Морозов перечитал абзац. Затем ещё раз. Его мозг, отточенный на раскрутке человеческих мотивов – жадности, мести, страха – наткнулся на глухую стену. Здесь не было мотива. Здесь был процесс. «Проводящие органико-минеральные структуры». Фраза звенела в памяти, отдаваясь ледяным эхом. Он открыл сканы блокнота, нашёл страницу с заголовком «Металлургия плоти». Там, среди каракулей, стояло: «Металлы – не загрязнители. Они – синапсы. Артерии. Сеть использует доступные проводники. Железо – для силы. Медь – для сигнала. Мы лишь улучшаем среду, подготавливаем субстрат».
Совпадение терминов било по нервам тонкой, ледяной иглой. Это была точка, где бредовая парадигма Судакова касалась холодной, стерильной реальности экспертизы Ивановой. Два безумия – одно горячее, другое ледяное – сходились в одной точке. В котловане. В тех самых белёсых, пульсирующих нитях, что он видел на стене. Это были не нити. Это были провода. Живые провода, как и писал Судаков.
В дверь постучали резко, двумя отрывистыми ударами, и вошёл Лыков, не дожидаясь ответа. В руках он нёс два бумажных стаканчика, от которых тянуло паром и дешёвой горечью растворимого кофе. Запах на мгновение перебил призрачный, въевшийся в одежду Морозова шлейф котлована.
– Читаешь сказки про металлические грибочки? – хмыкнул он, ставя стаканчик на край стола, подальше от стопок бумаг. Лицо капитана всё ещё было серым, как пепел, от утренней встречи с котлованом, но в глазах твёрдо горел знакомый, натренированный цинизм – его главная и последняя линия обороны. – Наша Иванова всегда любила покопаться в микроскопе. Написала бы «плесень» и делу конец. А то развела тут науку. Напугала сама себя. Я такое уже видел после аварии на химкомбинате в девяностых. Массовая истерия. Люди тогда чертей в лужах видели.
– Плесень не накапливает медь в таких концентрациях, – автоматически ответил Морозов, не отрывая взгляда от экрана. Голос прозвучал глухо, отстранённо, как будто из другого помещения. – И не искривляет суставы у трупов в анатомически невозможные позы. Это не химия, Сергей Петрович. Это… биология. Какая-то другая.
– Значит, не плесень, а какая-нибудь дрянь из старой шахты, мутант, – отмахнулся Лыков, отхлёбывая кофе и садясь на край стола. Его вес заставил дерево слегка, жалобно скрипнуть. – Там же, под Затоном, весь менделеев зарыт.

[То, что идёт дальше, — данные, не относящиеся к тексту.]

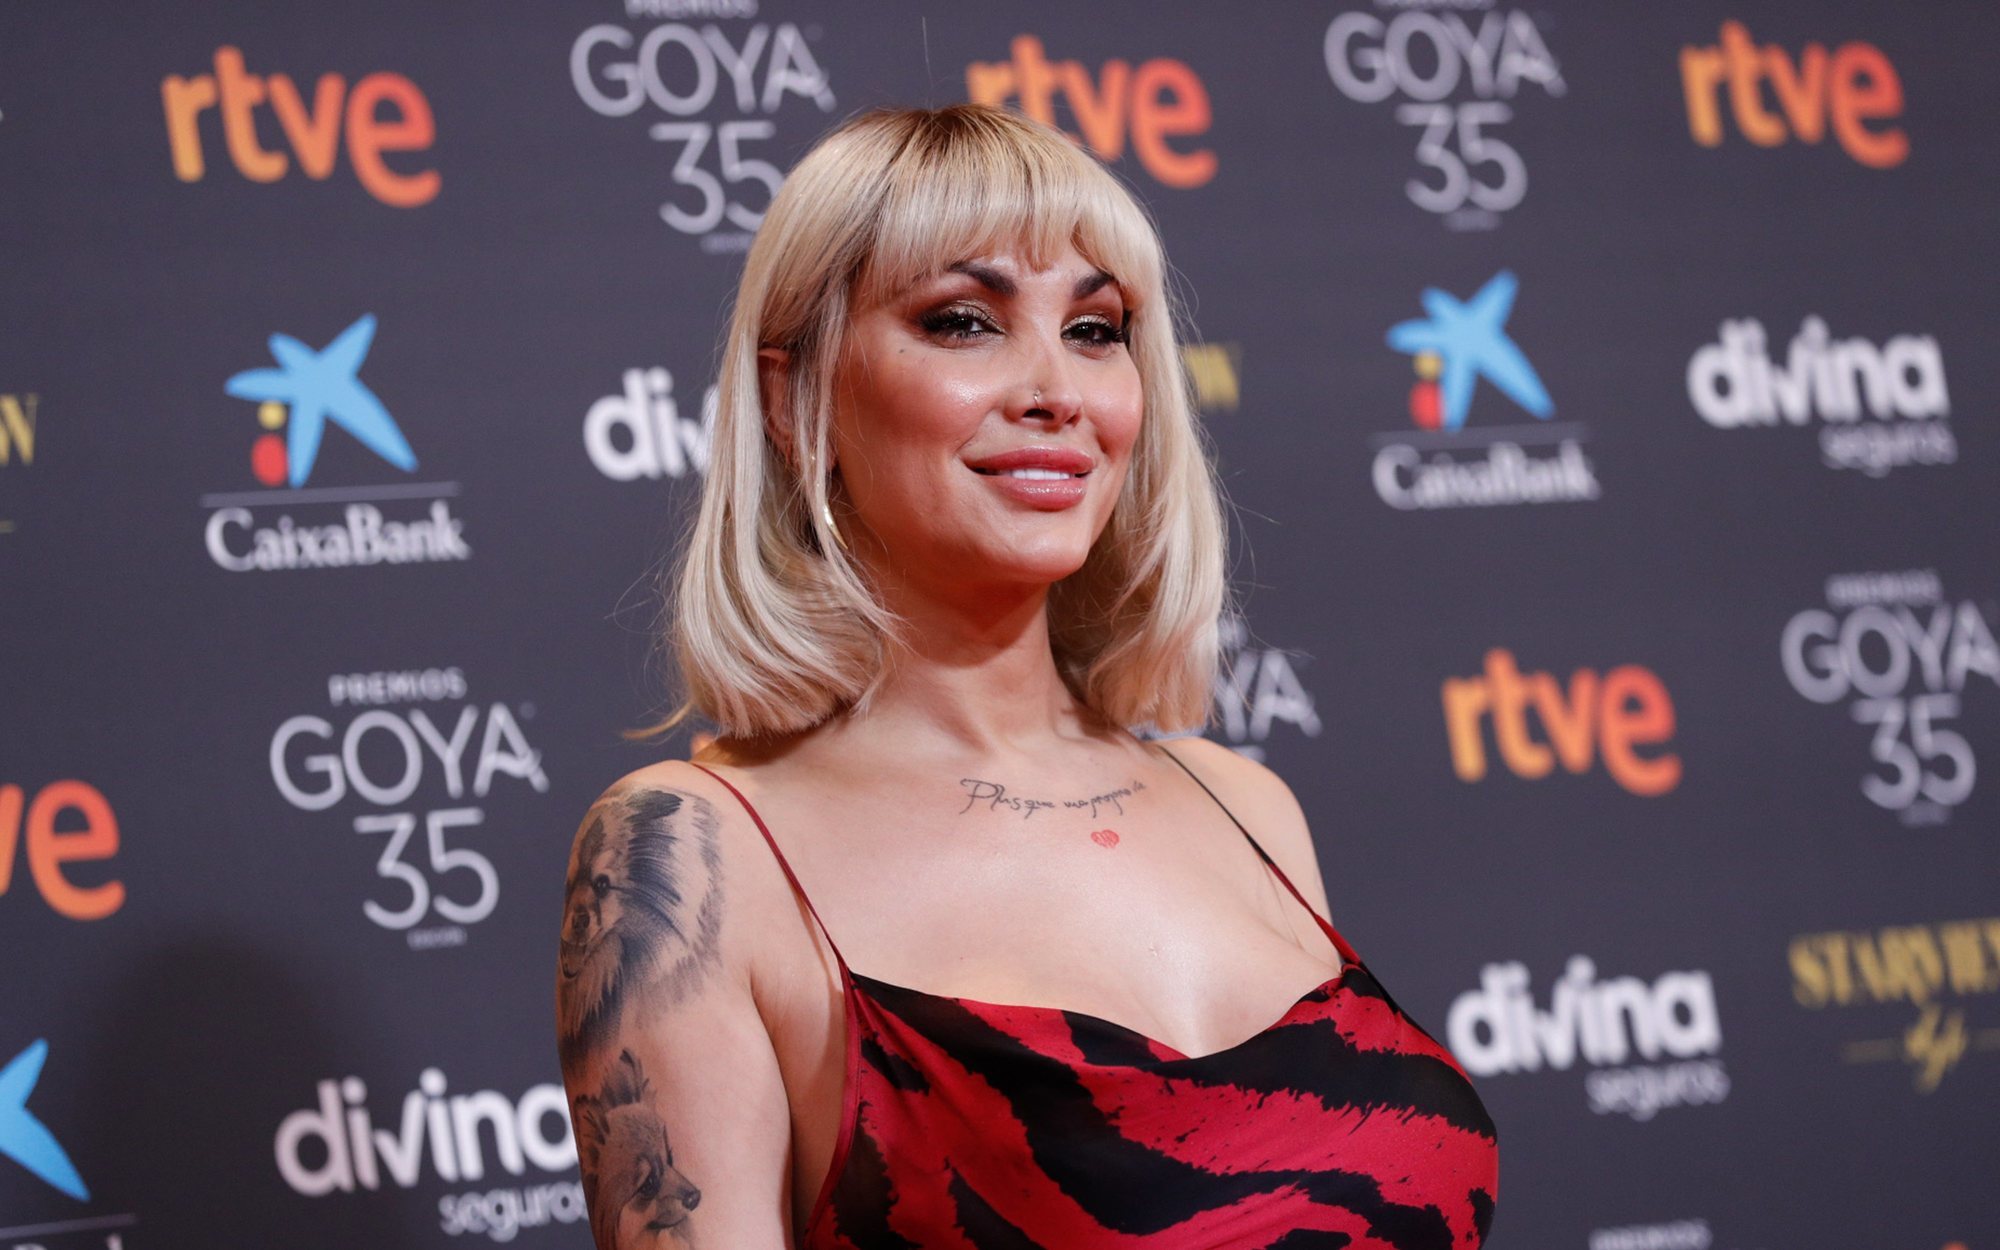 La respuesta de Daniela Santiago a los hombres que la llamaron "puta" en los premios Goya 2021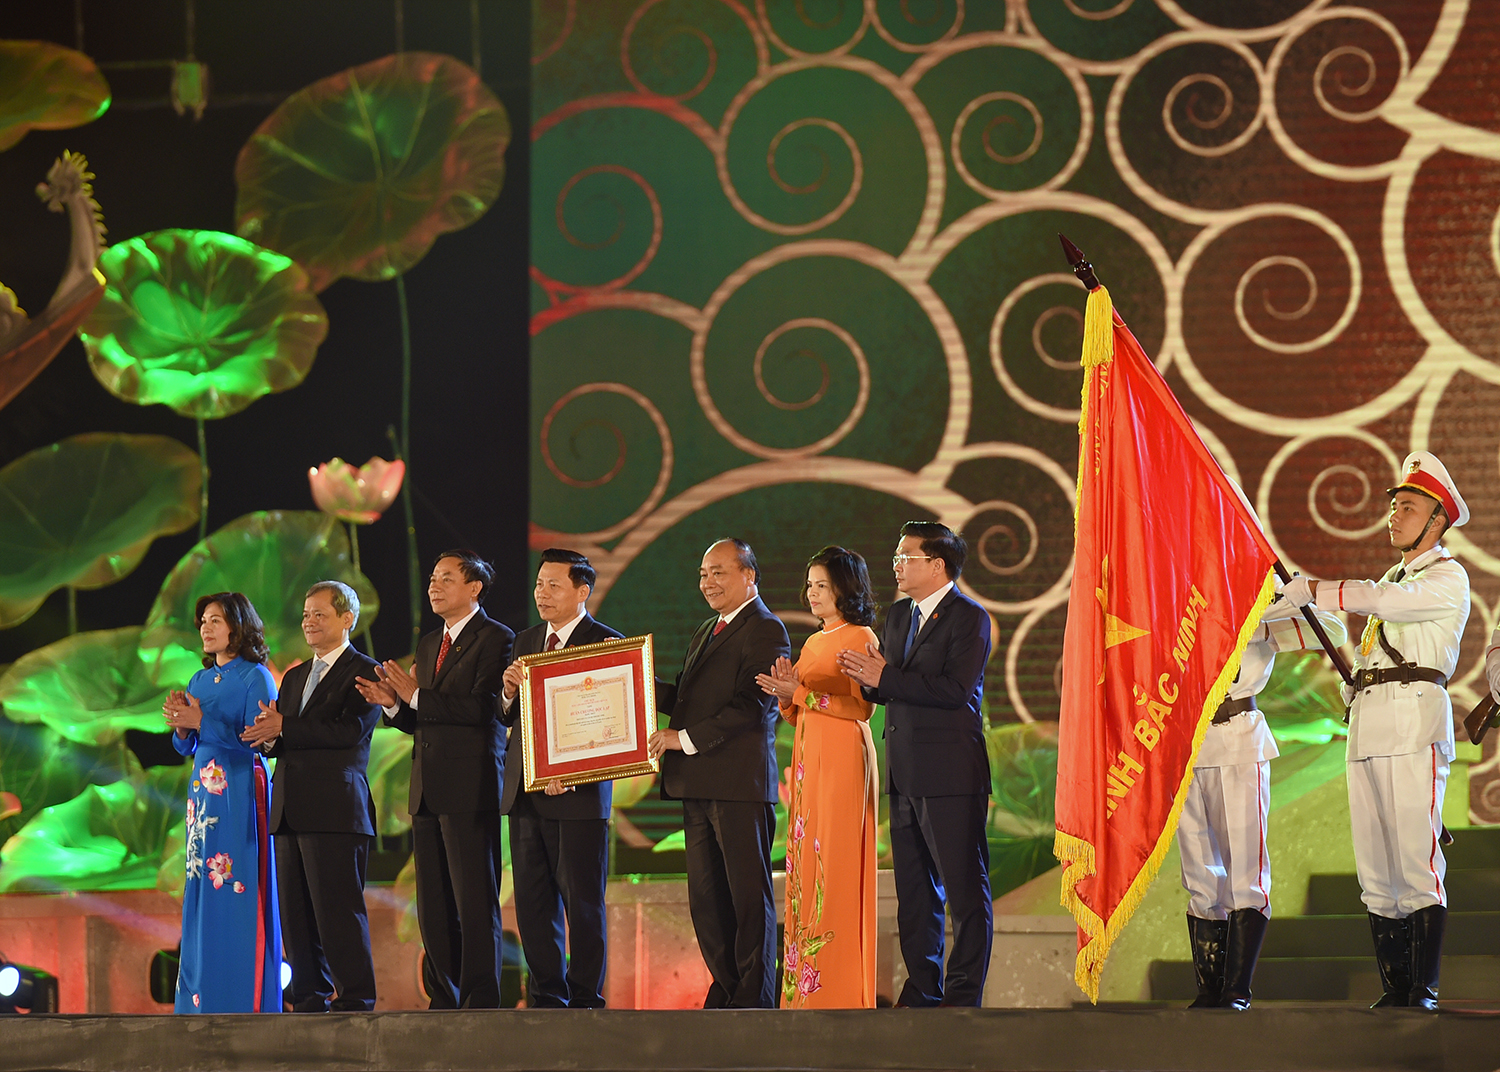  Thủ tướng Nguyễn Xuân Phúc trao Huân chương Độc lập hạng Nhất cho Đảng bộ, chính quyền và nhân dân tỉnh Bắc Ninh. Ảnh: VGP

Ртуть, свинец, бог знает что ещё. Почва отравлена, вот и растёт всякое. – Он помолчал, глядя, как Морозов листает на экране сканы, его пальцы замерли над клавиатурой. – Кстати, пока ты тут с грибами, я кое-что по твоему Судакову нарыл. После увольнения из изыскательной партии он подрабатывал в архиве горуправления архитектуры. Консультантом. Копался в старых чертежах, как крот.
Морозов наконец поднял на него глаза. Взгляд был остекленевшим от усталости, но за этой плёнкой бурила холодная, цепкая мысль.
– В каких чертежах?
– Во всех, что касаются подземки. Особенно его интересовали коммуникации завода «Красный Молот» и всё, что вокруг. Ливневые коллекторы, технологические тоннели, бомбоубежища. Заказывал копии, делал пометки. Видимо, пытался составить свою карту.
– Карту чего? – спросил Морозов, но вопрос был риторическим. Он уже видел эту карту в блокноте. Паутину линий, сходящихся к узлам, к точкам «активации». Котлован К-7 был лишь одним из них. Самый свежий. Самый явный.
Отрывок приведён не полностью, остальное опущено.